On August 10, 2012, the Commission charged Laborio, Lazar and others with raising up to $5.7 million from more than 150 investors through the fraudulent sale of five unregistered offerings.  As to Lazar in particular, the Complaint charged that from October through December 2008, Lazar raised $585,000 from 10 investors through the sale of a PIPE (private investment in a public equity) by misrepresenting that the PIPE guaranteed an annual 8.5% dividend and that it was safe, like a fixed annuity or a certificate of deposit.  The Complaint alleged that Laborio hired Lazar in September 2008 to open an Ohio branch office operating under the name Envit Capital Private Wealth Management, LLC.  Along with Laborio and Lazar, the Complaint charged Jonathan Fraiman, of Boston, Massachusetts and Lantana, Florida, along with seven entities, most with the name “Envit,” that were owned and controlled by Laborio, including a non-existent hedge fund.

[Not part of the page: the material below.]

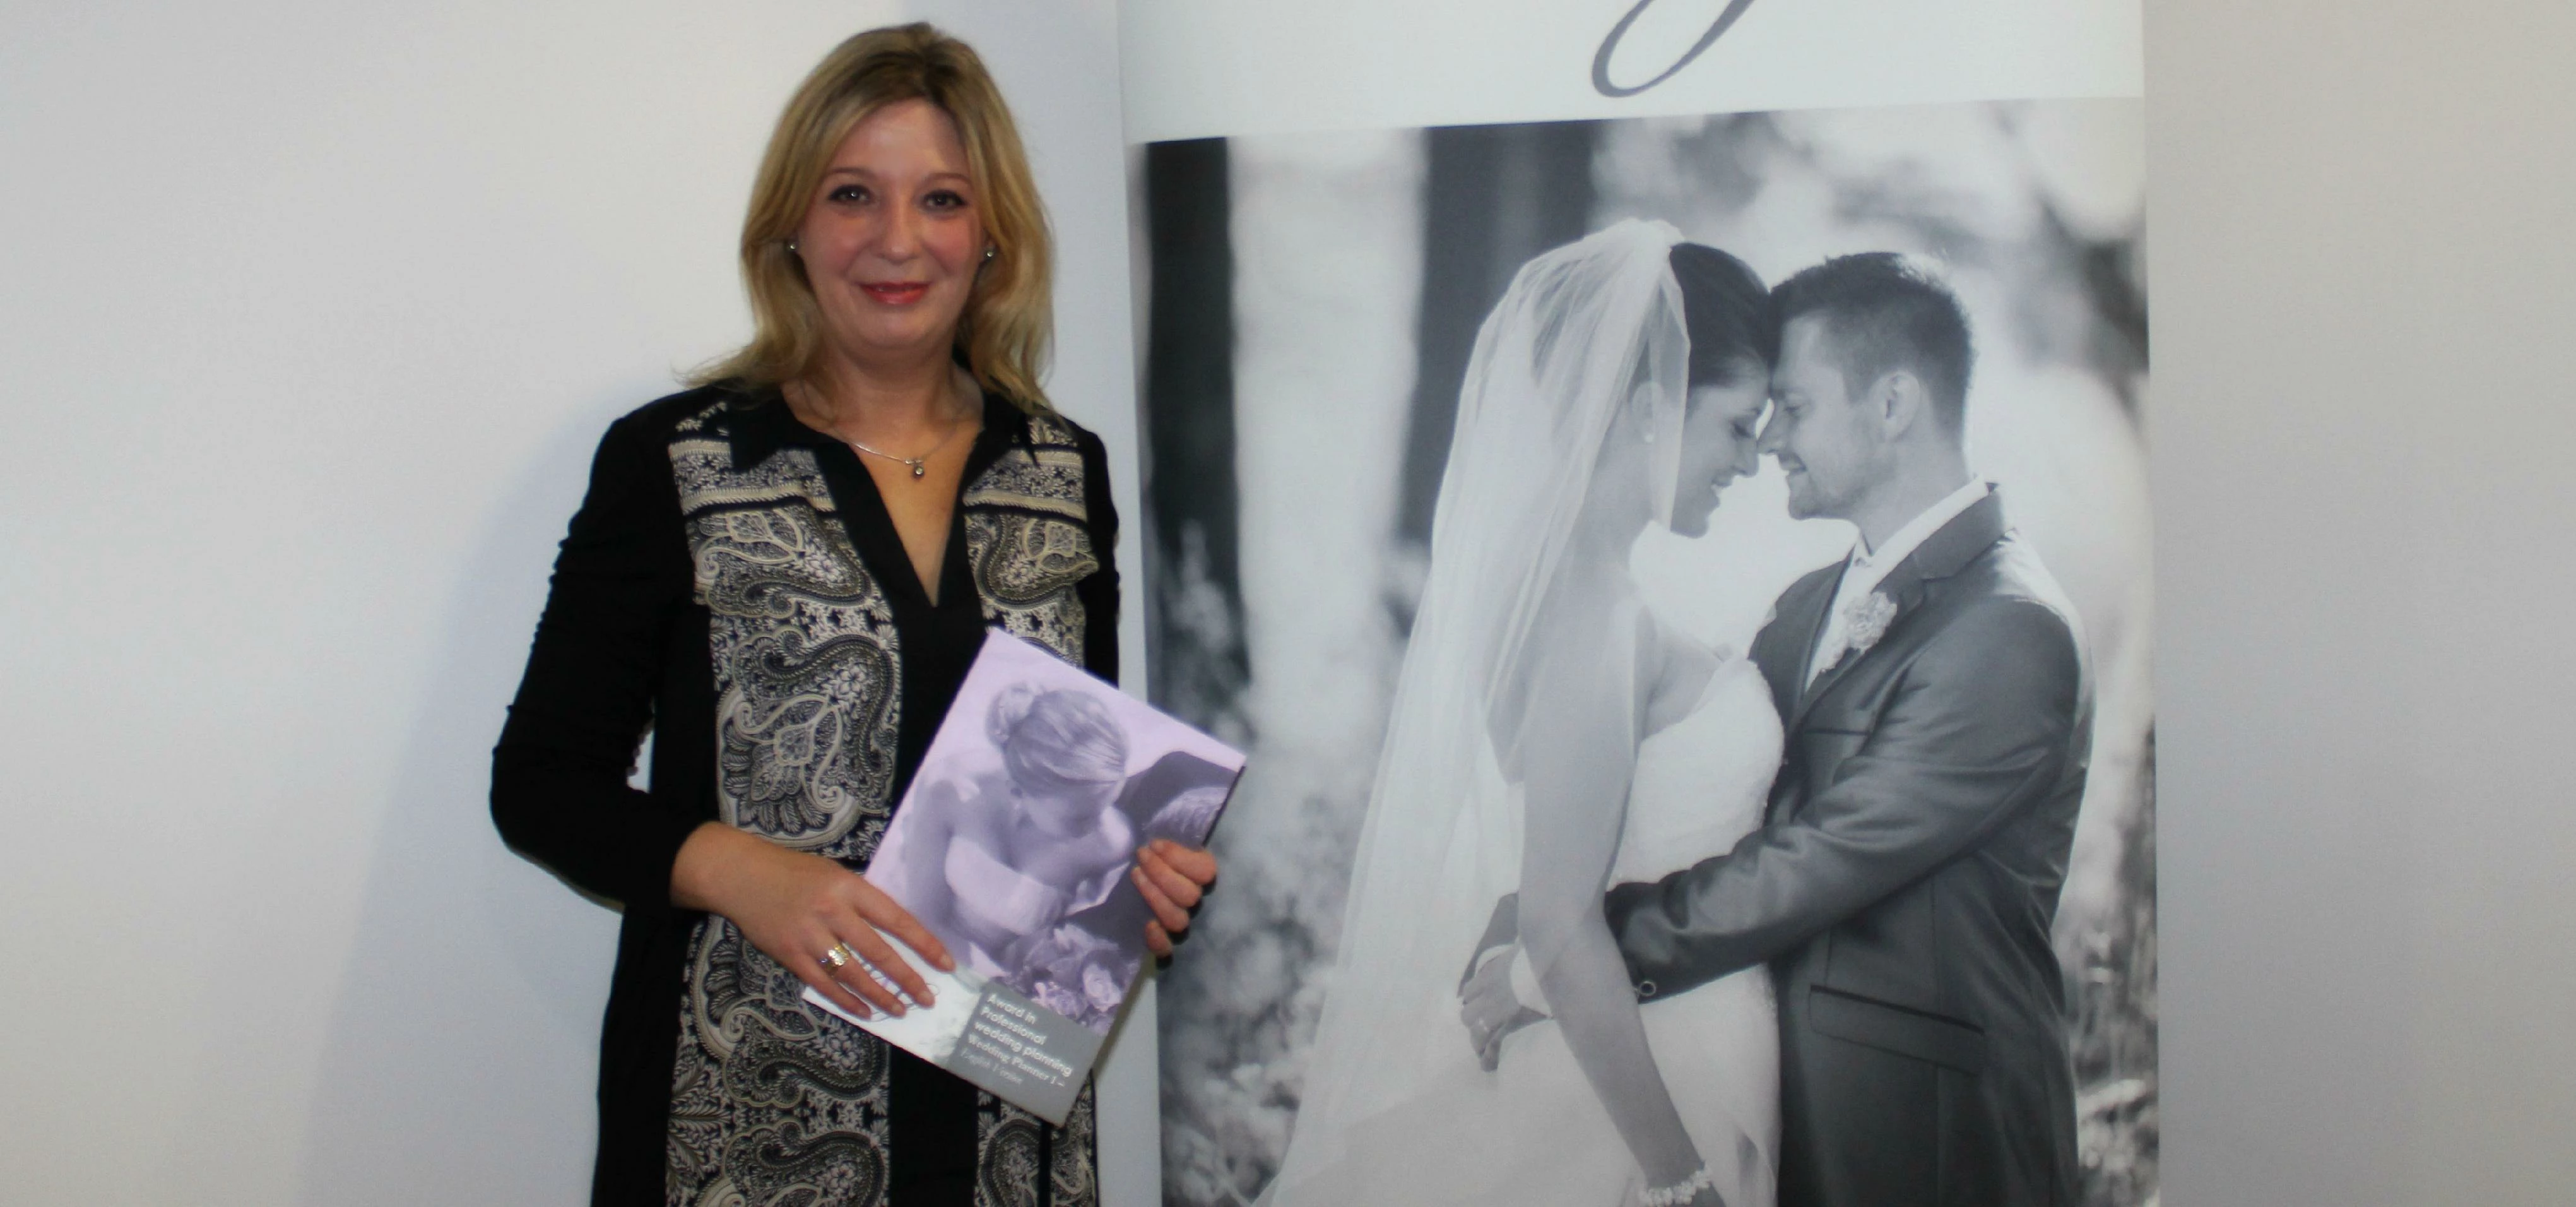 Director of Wedding Planners Guild UK Yvonne Bennett

On November 27, 2013, the Court entered a final judgment against Lazar:  (i) permanently enjoining him from violating Section 17(a) of the Securities Act of 1933 (Securities Act); Sections 10(b) and 15(a)(1) of the Securities Exchange Act of 1934 (Exchange Act) and Rule 10b-5 thereunder; and Sections 206(1) and 206(2) of the Investment Advisers Act of 1940 (Advisers Act); (ii) barring him for three years from participating in any offering of penny stock; (iii) finding him liable for disgorgement of $16,820.99 and prejudgment interest of $2,917.65, for a total of $19,738.64; and (iv) waiving payment of the disgorgement and prejudgment interest, and not imposing a civil penalty, based upon the representations in Lazar’s sworn statement of financial condition.  Lazar agreed to settle the Commission’s charges without admitting or denying the allegations in the Complaint.

The Court previously entered a final judgment by consent against Jonathan Fraiman on October 8, 2013.  In related administrative proceedings instituted by the Commission on October 11, 2013, Fraiman consented to be barred from any future association with any broker, dealer, investment adviser, municipal securities dealer, municipal advisor, transfer agent, or nationally recognized statistical rating organization, with the right to reapply after ten years.  The Commission’s civil injunctive action against Laborio and the Envit Companies, SEC v Laborio et al., 1:12-cv-11489-MBB (D. Mass., Aug. 10, 2012), is still pending.

In conducting its investigation, the Commission acknowledges assistance from the U.S. Attorney’s Office for the District of Massachusetts, the Federal Bureau of Investigation, the State of Florida Office of Financial Regulation, and the Financial Industry Regulatory Authority (FINRA).